Books: ‘The Scarcrow’ is great Connelly

Published 12:00 am Friday, June 5, 2009

“The Scarecrow,” by Michael Connelly. Little, Brown, 419 pp, $27.99.
By Bruce DeSilva
Associated Press
Two creepy serial killers stalk the landscape in this new thriller by Michael Connelly. There’s a psychopathic geek who sniffs out his leggy victims on the Internet. And there’s the Internet itself, making a mockery of the right to privacy and gradually strangling the life out of the nation’s newspapers.
Jack McEvoy, hero of the tale, is a police reporter for The Los Angeles Times, the same job Connelly held before quitting to write novels full time.
Jack can’t do much to save newspapers; in fact, he’s just been given two weeks notice, part of the withering paper’s latest “force reduction.” But if he can track down the psychopath, maybe he can leave in a blaze of glory.

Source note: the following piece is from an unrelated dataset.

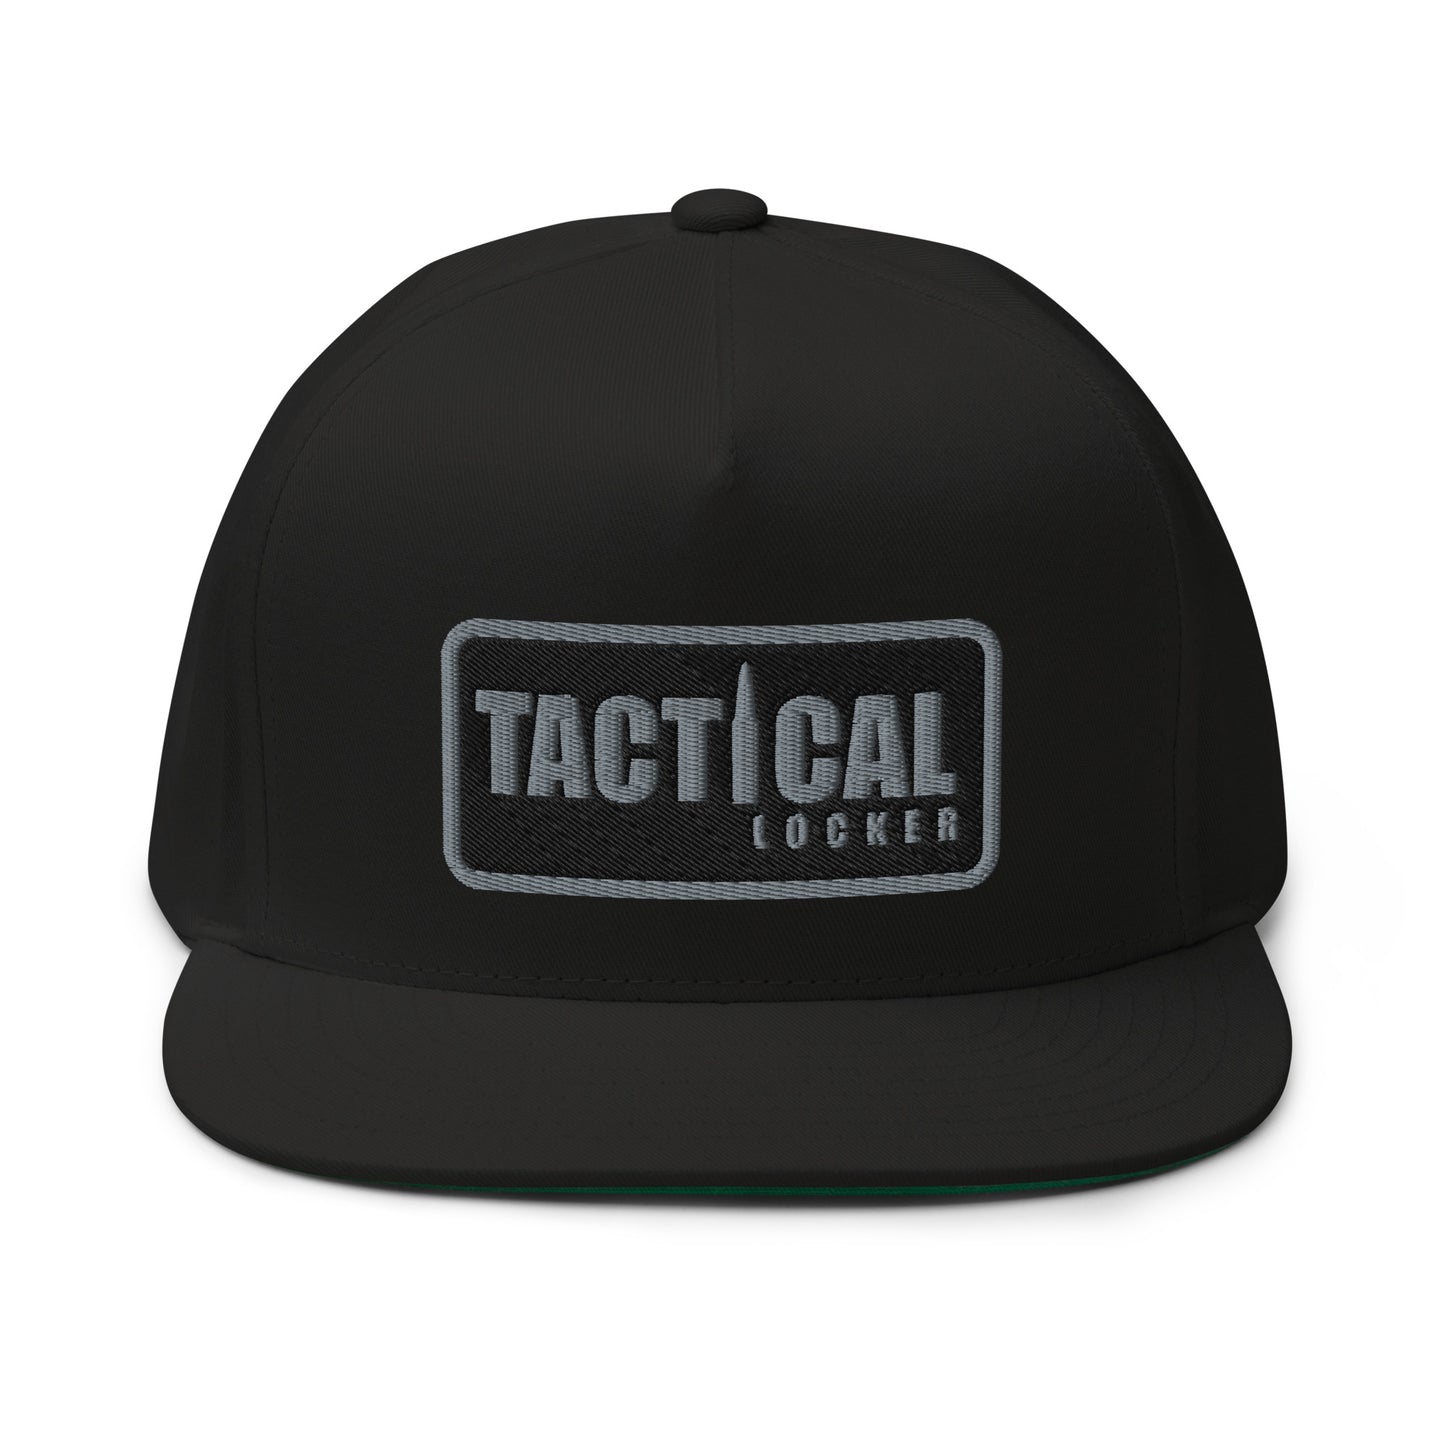 Tactical Locker Flat Bill Cap

We’ve met Jack before, when he was a Denver reporter on the trail of a different serial killer in “The Poet” (1996). Back then, he was working for The Rocky Mountain News, a paper that, in both the novel and in fact, went under earlier this year.
Joining Jack in Los Angeles is another familiar face, FBI agent Rachel Walling, who played a key role in “The Poet” and returned as the love interest in “The Narrows” (2004), part of Connelly’s fine series about L.A. police detective Harry Bosch.
Together, Jack and Rachel are a formidable team; but the psychopath, a computer expert named Wesley Carver, is a worthy adversary. Hacking into the newspaper’s computer system, he watches Jack’s every move. And when Jack gets too close, Carver isolates and hobbles him by canceling his credit cards, emptying his bank account and shutting off his cell phone service.
It’s not lost on Jack that the killer is using the same tools that are destroying the business he loves. It’s not lost on the reader that if newspapers disappear, so may investigative reporters like Jack. Not surprisingly, Connelly does a fine job of capturing the cynical atmosphere of the newsroom during these dark days.
“The Scarecrow” is a dire warning about the dangers of electronic snooping and a reminder of what we will lose if newspapers continue to fail. And it is a page-turning thriller รณ cleverly plotted, fast-paced and crisply written.
As Connelly puts it, he set out to write “a thriller first and a torch song for the newspaper business second.”
The book works superbly on both levels, surpassing “The Poet” as his finest.